Халаты басмачей не появлялись меж камней. День тянулся. Бесконечный и знойный.

…Отец очнулся от холода и тревожного страха. Откуда он? Оказывается, он спал. Фролов лежал, как они его положили. Только склонился немного влево, и рука его соскользнула с винтовки. Омара не было!

Отец бросился к зубцам камней. Тени только начинали густеть, и он увидел, что убитого басмача там, внизу, уже нет. Он смотрел до боли в глазах, стараясь увидеть басмачей или хотя бы какой-то знак их, но ничего не мог заметить. Там были тишина и камни.

Вторая ночь обступала ловушку. И теперь их было двое.

Он вынул блокнот, пытаясь до полной темноты записать какие-то слова, от которых надо было освободиться, прежде чем наступит эта ночь. Но слова не получались у него. И вдруг он услышал ясный шорох. Шорох тут же затих, но он не был случайным. Он чувствовал это. Из-за ближнего камня — до него было метров пятнадцать — донеслись слова:

— Не надо стрелять… Слышишь?.. Это я, Омар.

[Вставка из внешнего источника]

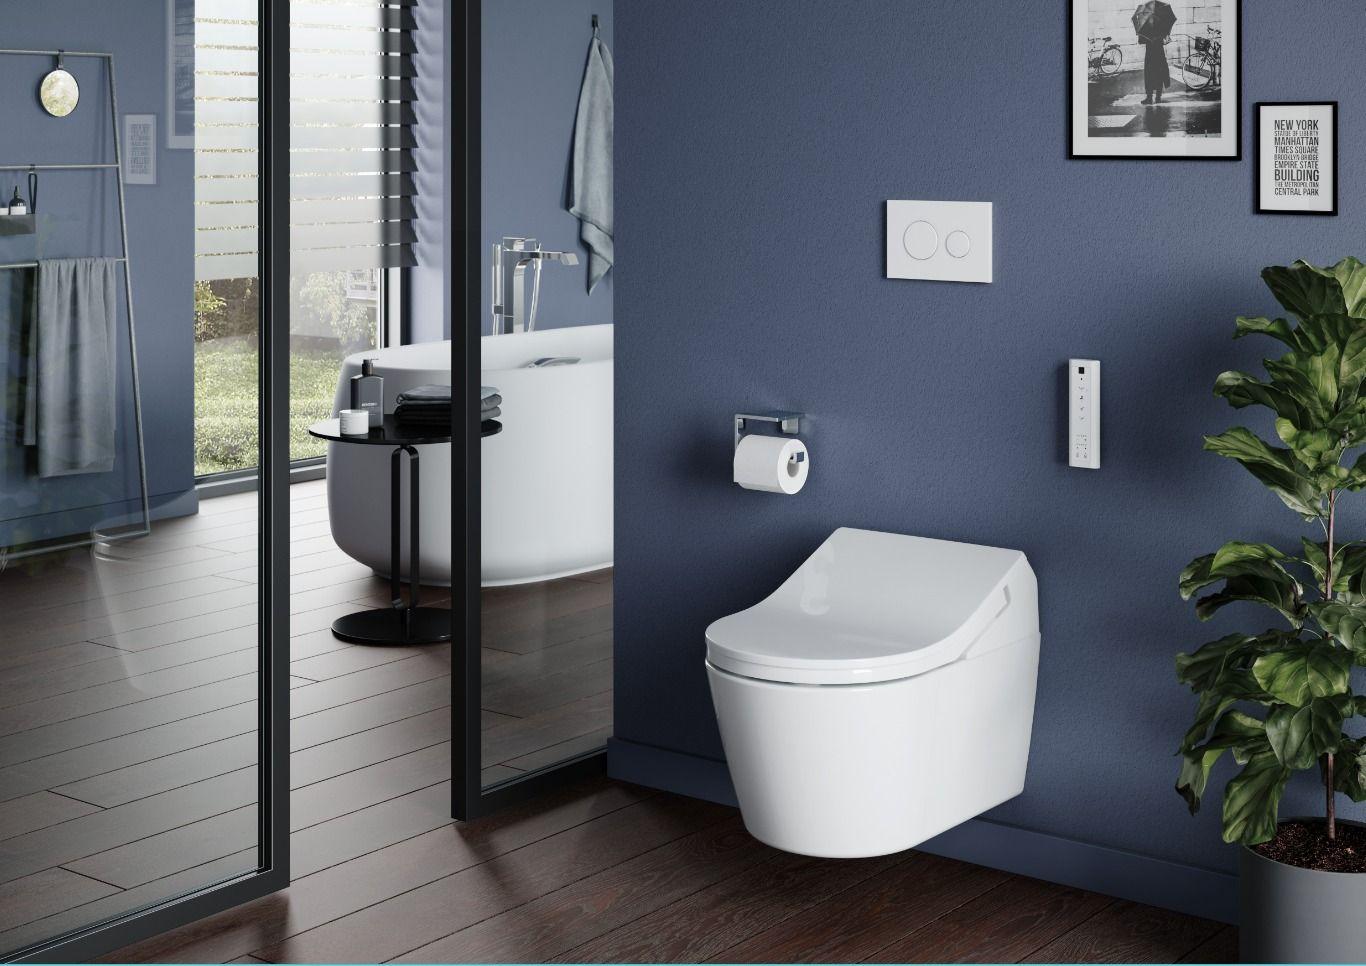 Toto Rw Dusjtoalett I 2020 Luksusbad Fjernkontroll Toalett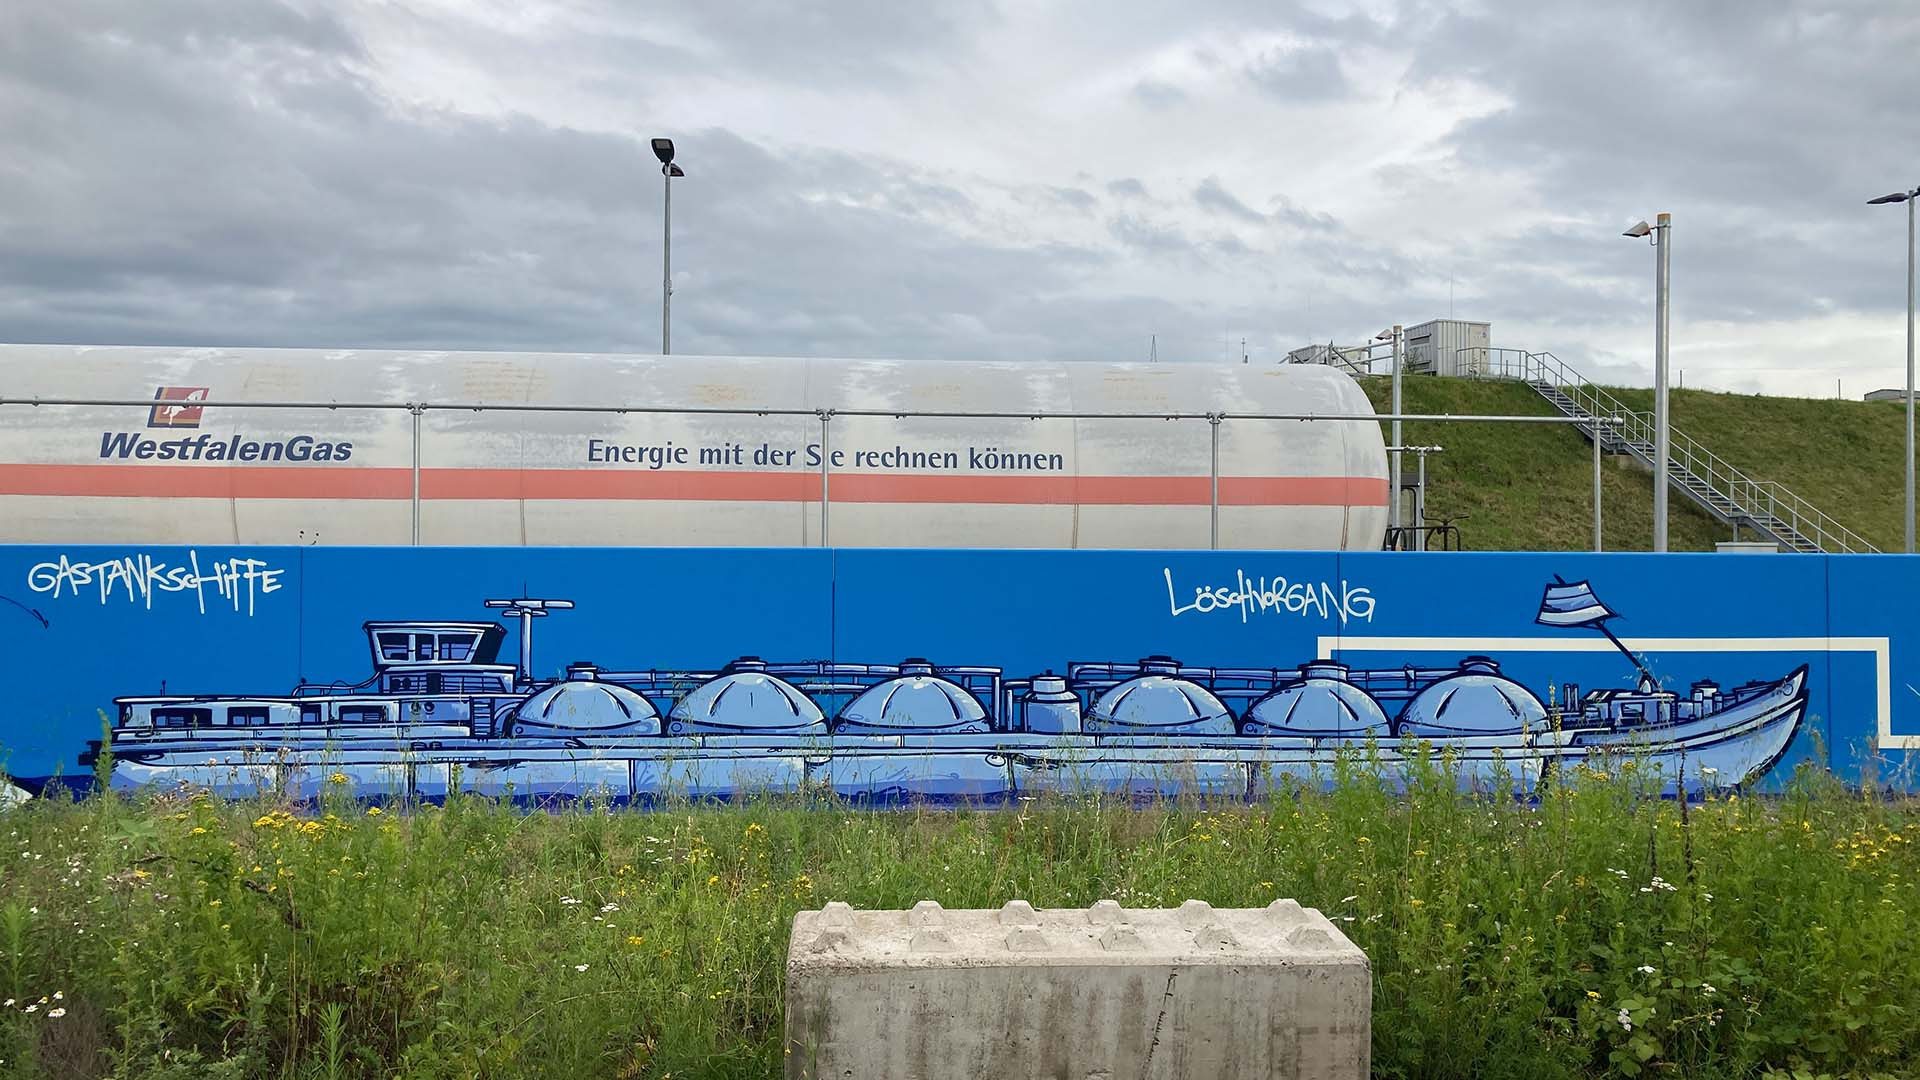 Schiff, Graffiti, Caratgas, Unternehmen, Firma, Krefeld, Gaswerk

Не стреляй!

Голова высунулась из-за края камня и снова спряталась.

— Не надо стрелять!

Омар! Он выскользнул из-за камня и, согнувшись, быстро перебежал к зубцам. Он что-то нес.

— Это я, я… — Он держал в руках лошадиный хвост. — Их там нет, — он торопился говорить, — но они где-то здесь, что- то задумали… Я ходил резал хвост у своей лошади. Теперь все будет хорошо… Человек умрет — его хоронят, овца издохнет — ее выбросят. Но если твою лошадь убили — надо резать хвост. А то она бродить будет, в горах много зла хозяину сделает. Теперь не сделает. Теперь все будет хорошо. Хорошо.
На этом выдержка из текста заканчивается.